[THE DATA — start]

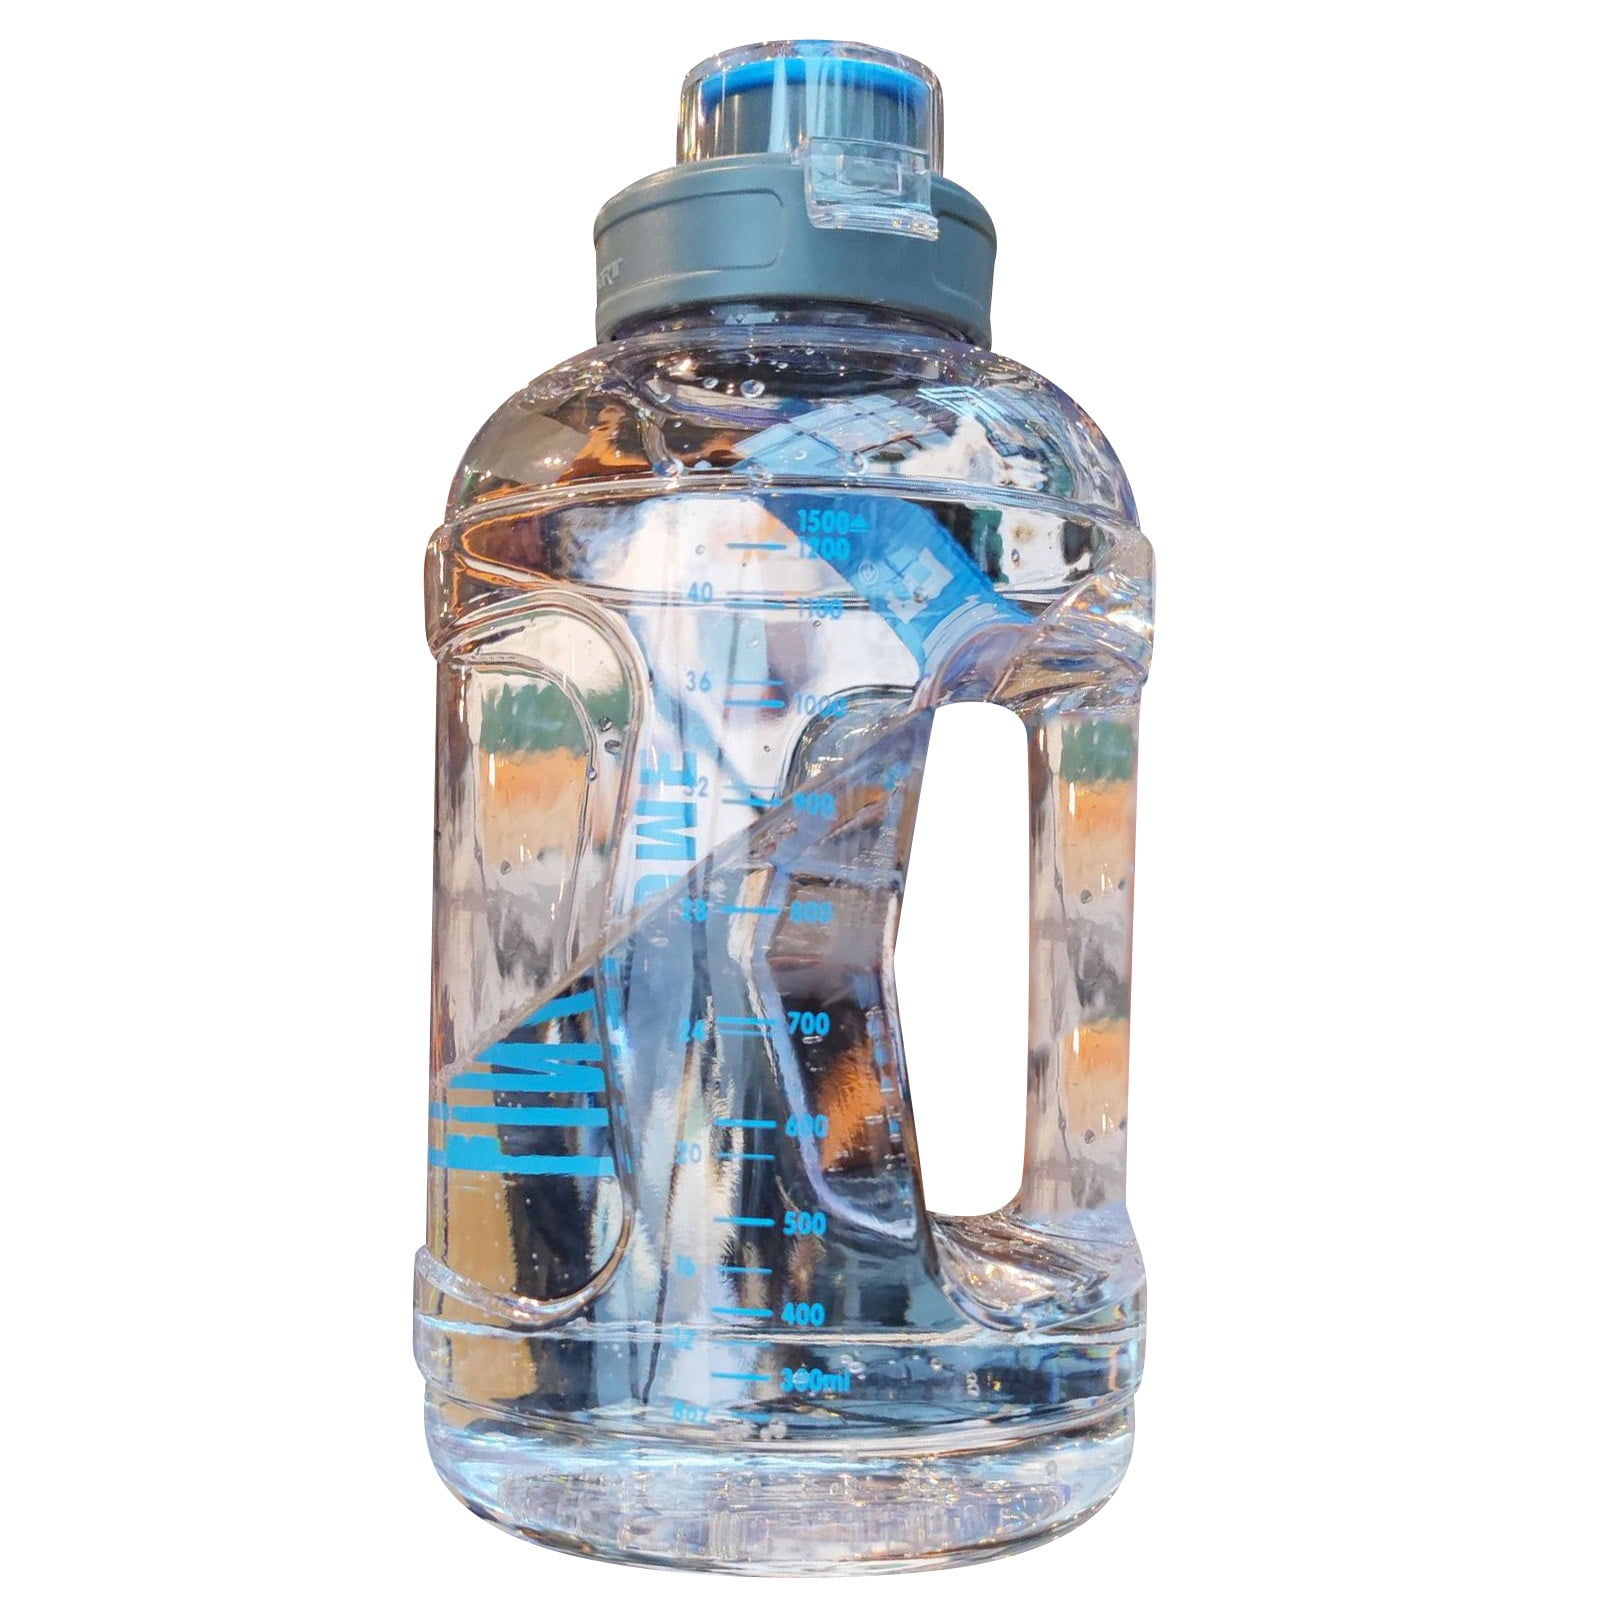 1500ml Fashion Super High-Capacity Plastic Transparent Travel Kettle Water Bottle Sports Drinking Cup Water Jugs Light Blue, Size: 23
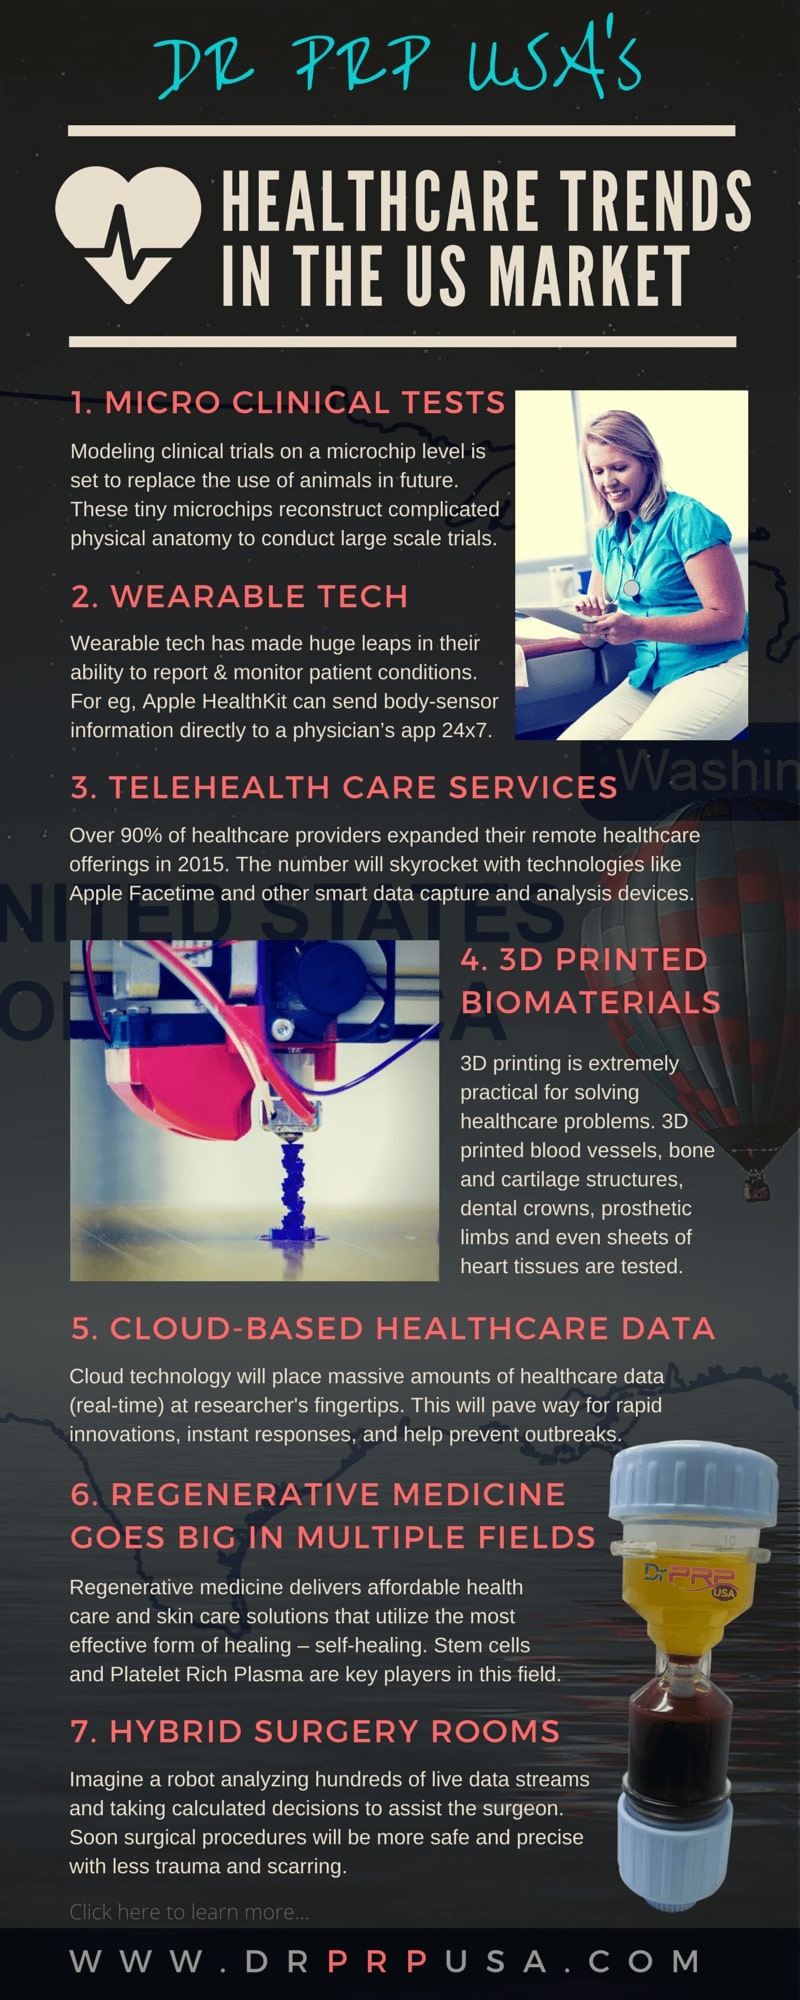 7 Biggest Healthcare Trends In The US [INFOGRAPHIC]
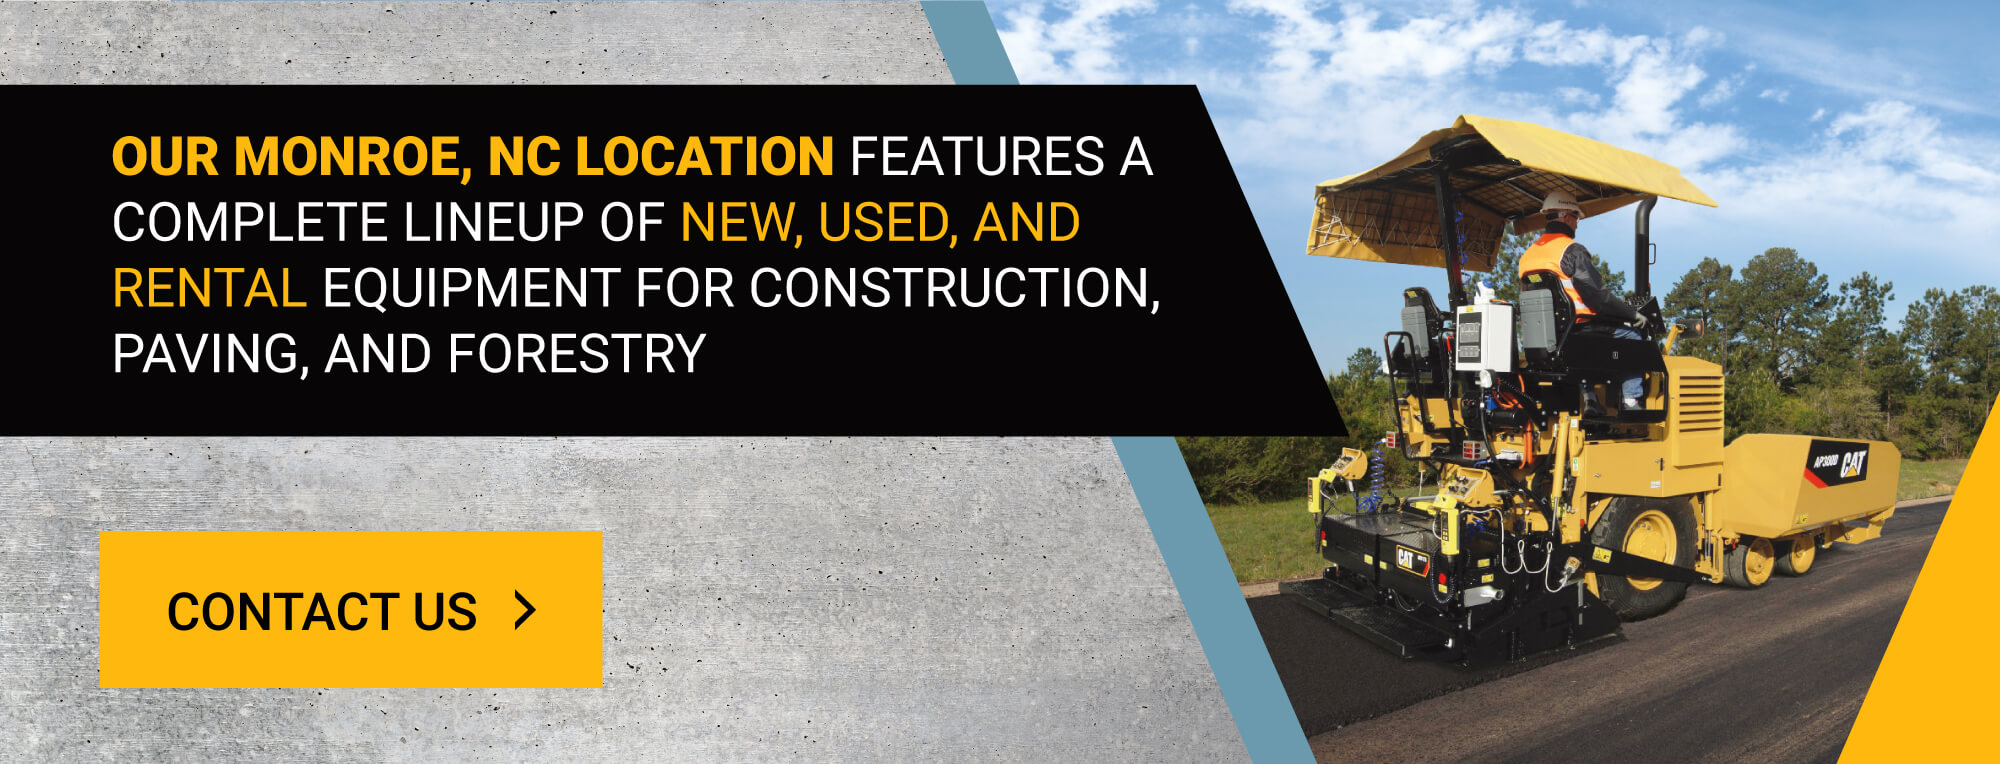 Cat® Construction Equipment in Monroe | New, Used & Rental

[THE DATA — finish]

_WHAT NEEDS TO BE DONE_. Quote the material in full and exactly; do not carry over its pictures.

_EXERCISE RESULT_.
 1500ml Fashion Super High-Capacity Plastic Transparent Travel Kettle Water Bottle Sports Drinking Cup Water Jugs Light Blue, Size: 23
 7 Biggest Healthcare Trends In The US [INFOGRAPHIC]
 Cat® Construction Equipment in Monroe | New, Used & Rental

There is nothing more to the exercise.